For training the Random Forest ML classifier based on protein-features, Refseq annotated ORFs (<= 150 amino acids) of E.coli str. K12 substr. MG1655 (NC_000913.3) were used as the positive set. A random sample of the same set size was taken in the length range (20-150 aa) from all theoritically enumerated ORFs other than those in the annotation in the E.coli genome. The equal-sized positive and negative data had a size of 851 ORFs.The training set can be downloaded
here
Benchmarking of the performance was carried out by comparing the prediction results with PRODIGAL and RANSEPS on Refseq annotated small ORFs (<=100 aa) from a large dataset of bacterial genomes. The average length of small ORFs had average length around 70-80 residues.

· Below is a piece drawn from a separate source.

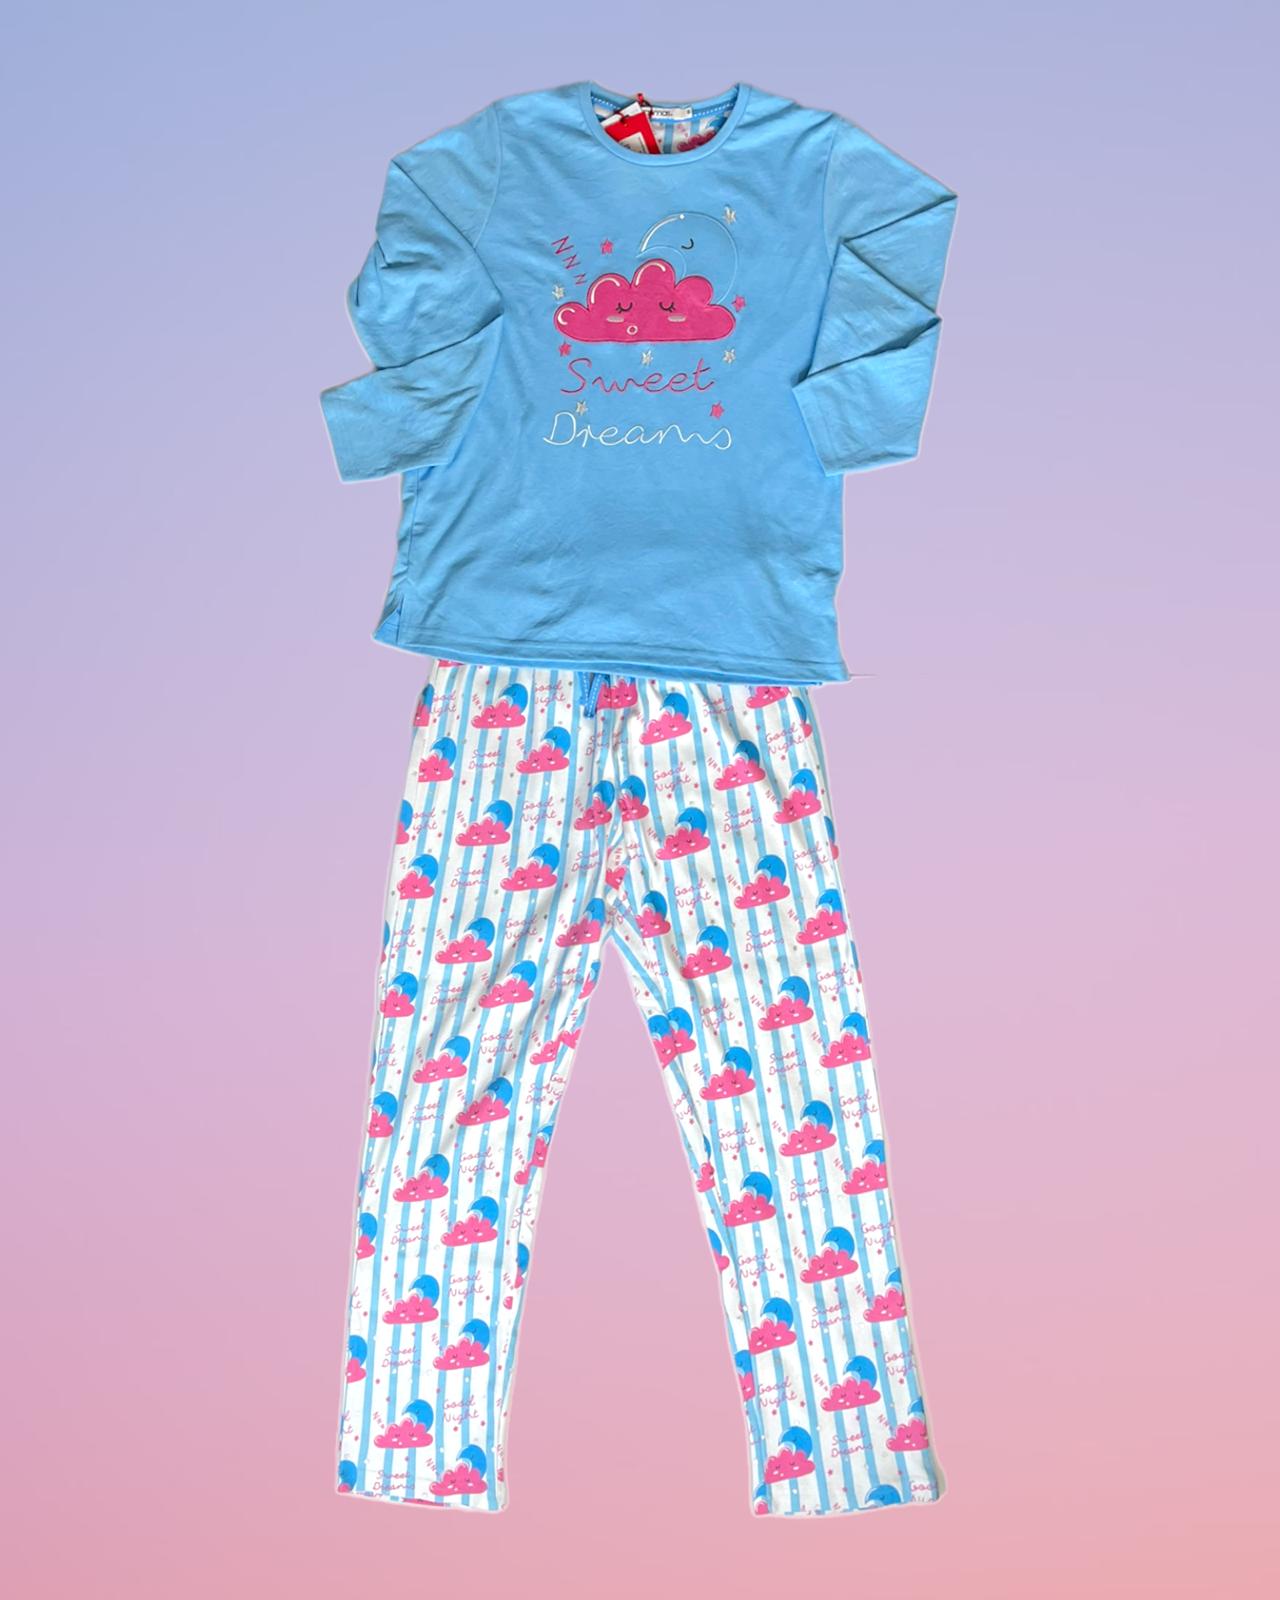 Admas | Women's pajamas light blue and pink cloud sweet dreams

Additional benchmarking was also carried out using the datasets of experimentally identified small ORFs in the length of 20-50 residues. The set of experimentally identified ORFs in E.coli str. K12 substr. MG1655 was compiled from multiple studies
(Pubmed:
19121005,
30904393,
27013550,
29645342,
30837344). Other datasets of experimental ORFs available for the species Salmonella enterica serovar Typhimurium str. 14028s (Pubmed:
28122954), Salmonella enterica serovar Typhimurium str. SL1344 (
Link), Staphylococcus aureus subsp. aureus str. Newman (Pubmed:
34061833), Caulobacter crescentus (Pubmed:
25078267), Streptococcus pneumoniae D39 (Pubmed:
35852327) and Bacteroides thetaiotamicron (Pubmed:
31402174,
31841667) were also used. A subset of these ORFs, that is validated at protein level, the gold-standard set was also used. For the purpose of benchmarking, ORFs catalogued from these studies were first length filtered (10-100 amino acids) and then filtered for overlaps, such that only one start for each stop was considered. For both analysis, positive set was derived from annotated or experimental smORFs while the negative set was all smORFs in the length range (10-100 aa) other than those annotated or experimentally identified.
Supplementary Datasets Discussed in the Paper:
Supplementary Dataset I : Positive and negative training set.
Supplementary Dataset II : All experimentally identified smORFs used for benchmarking.
Supplementary Dataset III : Subset of experimentally identified smORFs validated using epitope-tagging(protein level).
Supplementary Dataset IV : Assembly accessions of 3153 prokaryotic whole genomes used for conservation analysis.